TIBERIAS - Town on Western shore of the Sea of Galilee, on Lake Tiberias (where Jesus divided the loaves and fishes and walked on water; John 6). Founded in 2nd decade of 1st century AD and named after the emperor Tiberius, it became the chief center of rabbinic scholarship, where the Jerusalem Talmud was edited. The Massonite scholars in Tiberias introduced the "points" for vowels in Hebrew script. 

duplex - orig. U.S. A house or other building so divided that it forms two dwelling-places; also, a flat occupying two floors + duplex (l) - twofold, double.

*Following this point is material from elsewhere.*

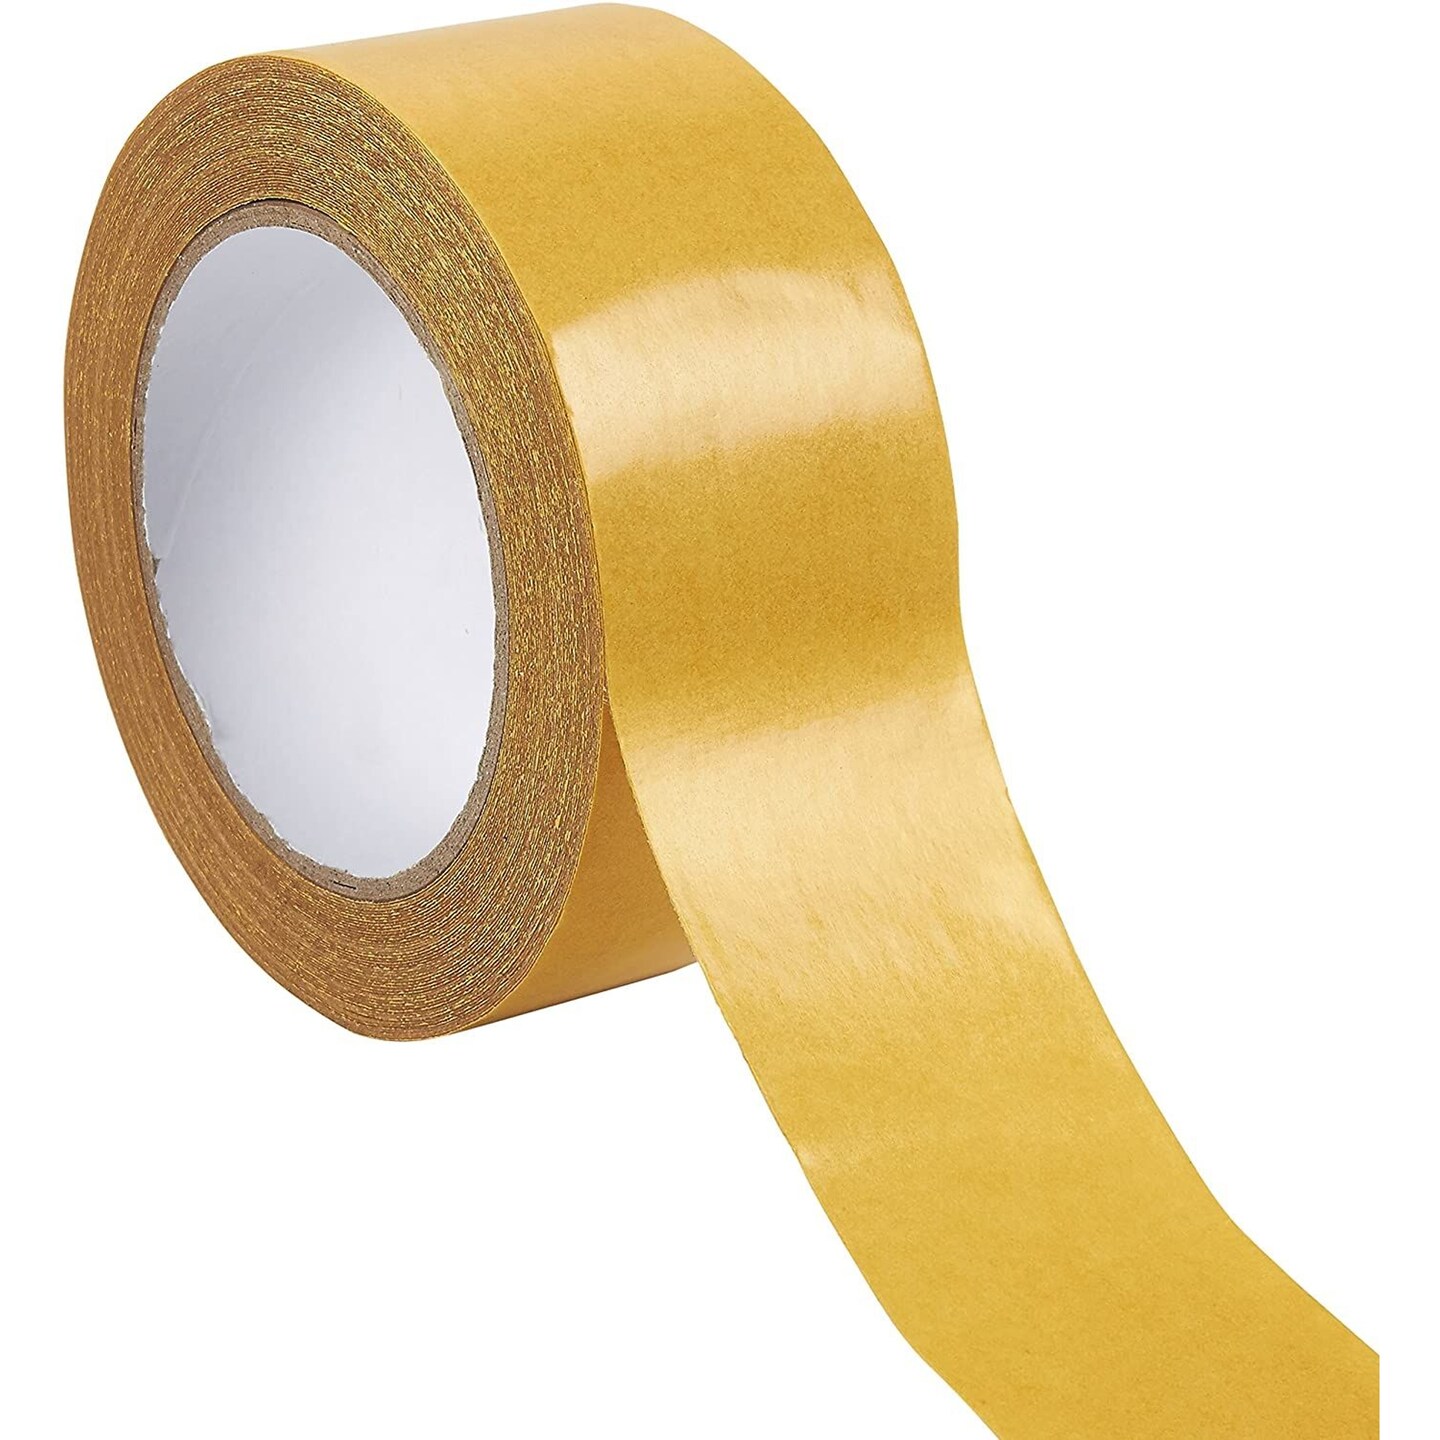 Heavy Duty Double Sided Tape for Carpet, Area Rugs, Self Adhesive for  Hardwood, Tile, Indoor, and Outdoor Floors, 49 Feet

devious - deviating or swerving from the straight way

Hanno - several Carthaginian soldiers, rulers. One was Hanno, the navigator (fl. 500 B.C.), who wrote an account of a voyage along the west coast of Africa. Inscribed on a tablet in the Phoenician tongue, it was hung in the temple of Melkarth; Hanno the Great: Carthaginian commander in First Punic War + hanno o non hanno (it) - they have or have not.

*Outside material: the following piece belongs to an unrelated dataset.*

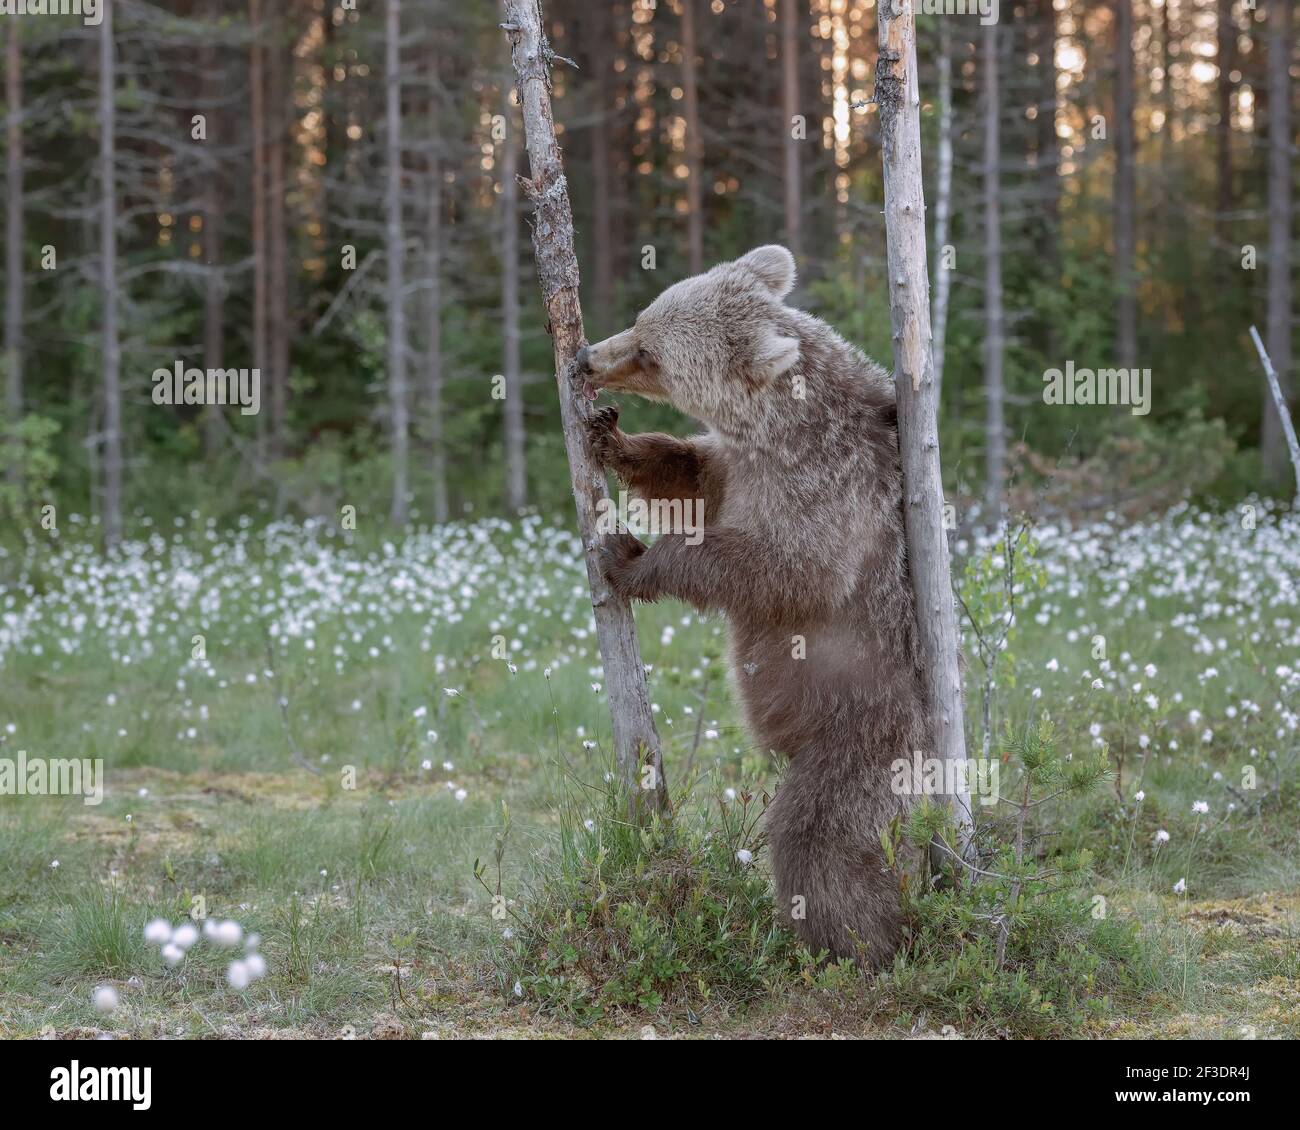 A brown bear standing on his hind legs licking honey Stock Photo

unbrookable - unendurable, unbearable + Brook, Charlotte (d. 1793) - authoress who published in 1789 ("with somewhat effusive apologies for leaving her pianoforte and needlepoint") Reliques of Irish Poetry;  The "reliques" are poems in the Irish character with translations in English verse, including poems about Cuchulain, Deirdre, Finn. 

script - Used attrib. of systems of shorthand which resemble longhand in general appearance and in the movements of the hand that are required.

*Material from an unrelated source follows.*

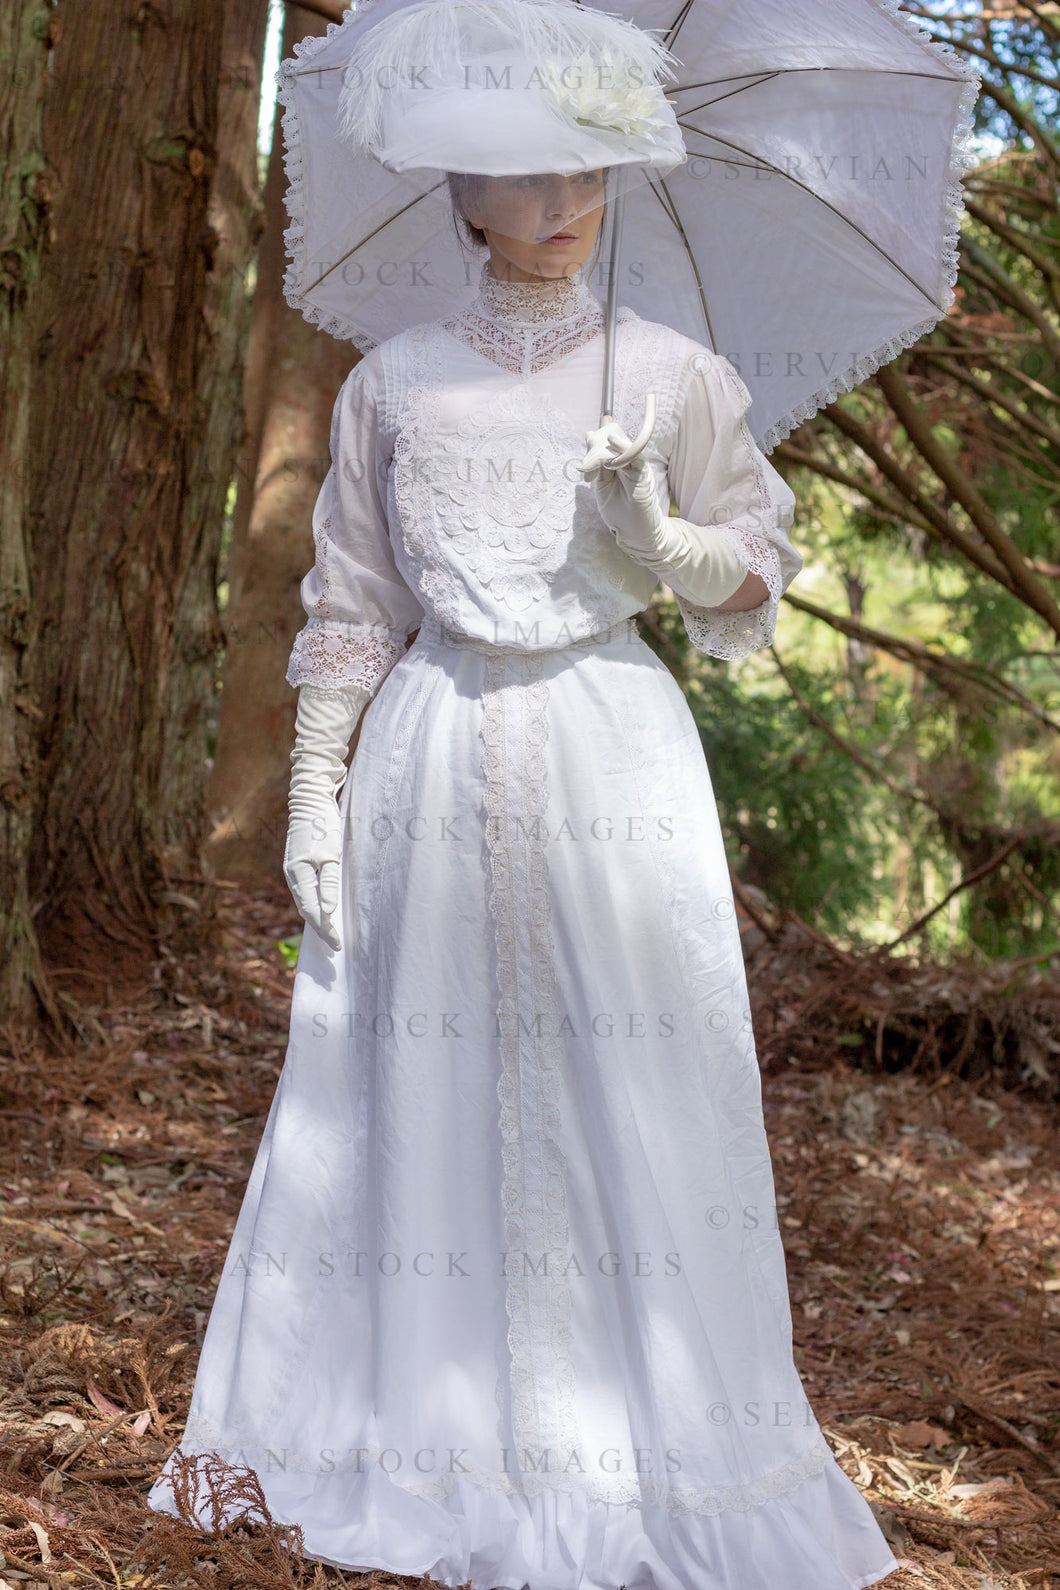 Edwardian woman in a white lace blouse and skirt and walking in a garden (Tayla 0261)

punctuation - the practice, art, method, or system of inserting points or 'stops' to aid the sense, in writing or printing; division of written or printed matter into sentences, clauses, etc. by means of points or stops + Sullivan, The Book of Kells 35: 'We find, as a fact, in the Book of Kells, many consecutive lines... where there is no trace of punctuation at all' + 'Penelope' chapter of 'Ulysses', has no punctuation.

verso - a left hand page + Joyce's note: 'recto/verso'

rush - a plant of the order Juncaceæ, having straight naked stems or stalks (used for burning; also ellipt., a rush-light) + rushlight (Slang) - liquor.

James Henry Breasted is generally acknowledged as a scholar of great merit, and a brilliant writer whose works had a great popular appeal; his A History of Egypt had been through eight printings by March, 1923. Joyce seems to have been more interested in another of Breasted's works, Development of Religion and Thought in Ancient Egypt (1912). In this book Breasted attempts to trace religious and intellectual progress from the earliest times to Christian days in Egypt. In a book which was considered "epoch making in its significance for the history of human thought" (Wilson, p. 141), he develops the thesis that the Mosaic ethical tradition originated thousands of years before Moses in the solar religion of Heliopolis. The importance of the book lies in its comparative treatment of the Mosaic tradition, hence the play on "book of Moses". The Judeo-Christian heritage is traced back to worship of the sun, "the world's oldest light" (Mark L. Troy - ''Mummeries of Resurrection'')

recto - a right side page

piquant - that stimulates keen interest or curiosity; pleasantly stimulating or disquieting [(notebook 1924): 'piquant fact'].